Music Reviews
Betty Davis

Betty Davis

They Say I’m Different

Light in the Attic Records

Betty Davis is the unremembered funk goddess of the ’70s. Explicitly sexual, both on stage and in the studio, she produced a string of solid sessions that never received the airplay they deserved. The reasons are lost in the mists of time; 40 years in the record business is about five centuries of real human time, and I’ll let you read the extensive liner notes included with this disc to decide Betty’s historical reality for yourself. Musically, Ms. Davis mixes a gravely, sultry voice with a solid jungle-influenced beat.

We open this disc with a bonus track (actually, everything in this reissues series feels like a bonus) called “‘70s Blues.” Betty screams “I felt like talking, but nobody was there… The blues are taking over.” Blues, indeed, but these are the GOOD blues, the ones you seek out and pay way too much for a beer while you commiserate with the singer.
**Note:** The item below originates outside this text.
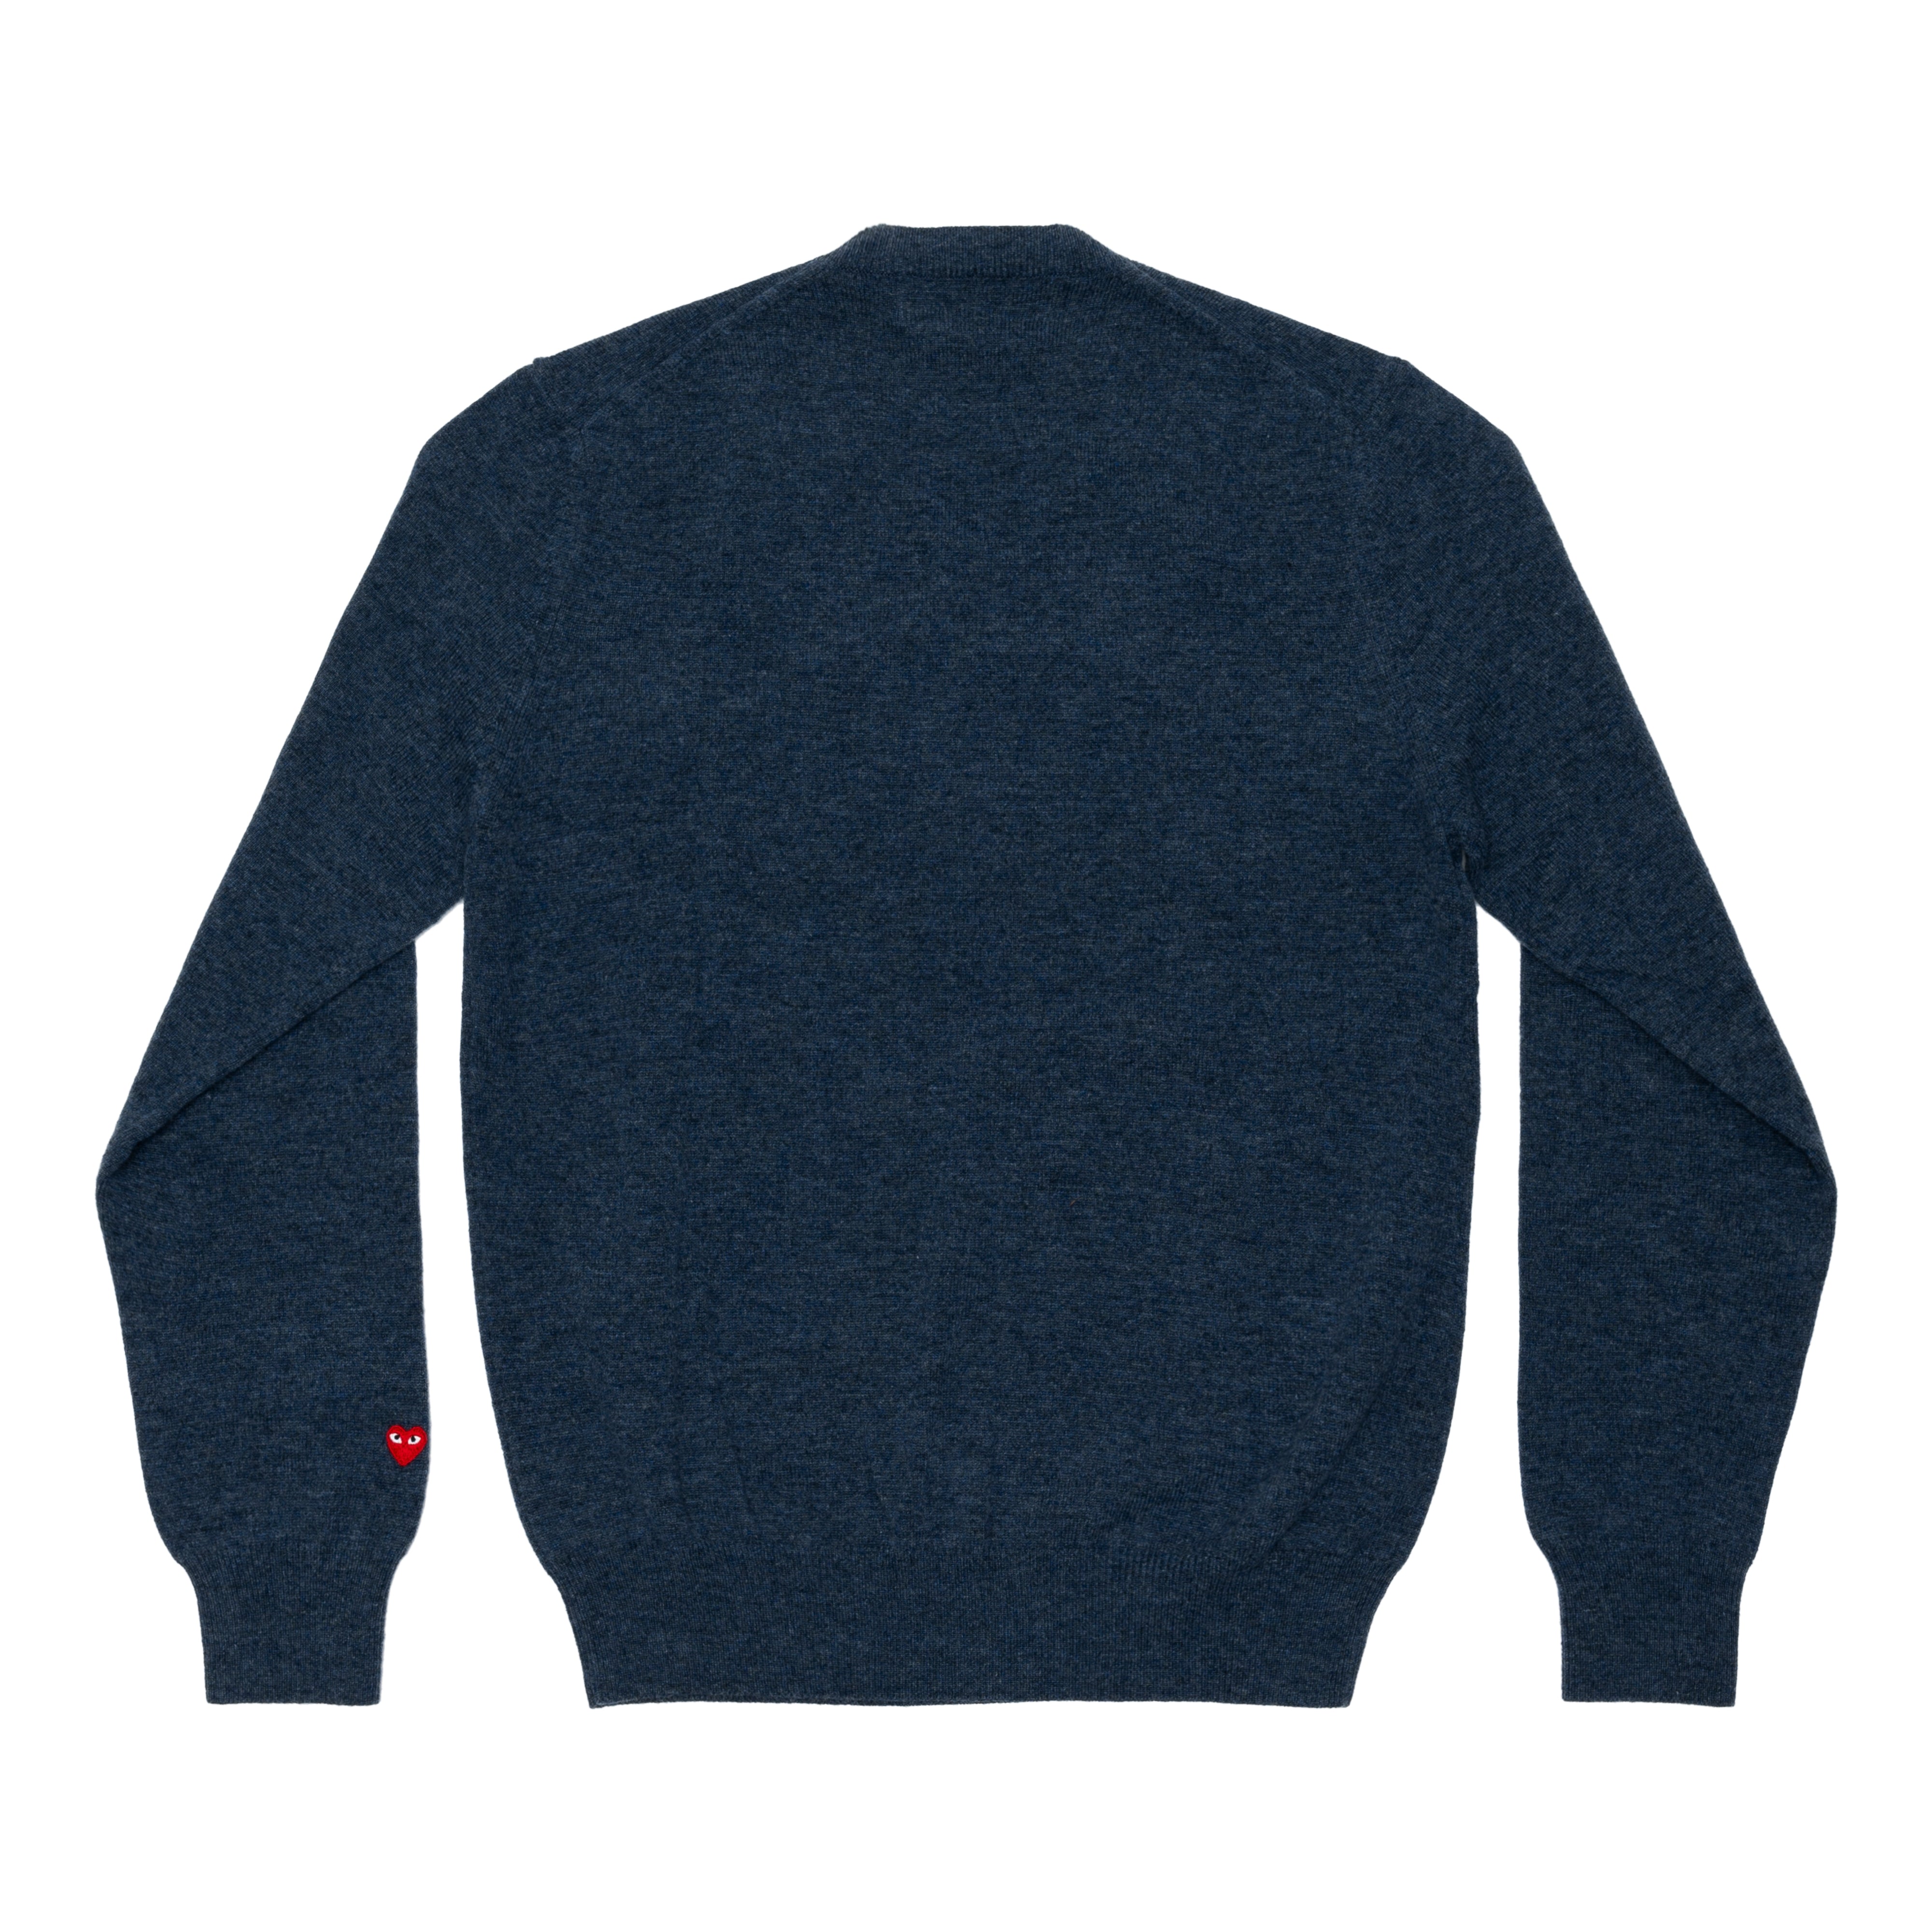 PLAY CDG - Top Dyed Carded Lambswool V Neck Sweater - (Navy)

Misplaced frustration fills this disc – in “He’s A Big Freak,” Betty beats her lover with a turquoise chain, but it’s not clear if it’s self defense or if he’s paying extra for the service. The sexual revolution scorches on “Yo Mamma Wants You Back,” “Don’t Call Her No Tramp,” and “Git In There.” Each song sounds just as you hoped, proclaiming the virtues of a thinly-veiled roll in the hay with the sort of liberated woman who refuses to take “I think I’m done” for an answer. There are several additional bonus tracks here, each a rough mix of the final album version. The differences are subtle, and I think any of the roughs are just as good as the final cuts.

Betty Davis oozes a raw energy in this disc that’s lost nothing in the decades. She’s still packed with boogie juice.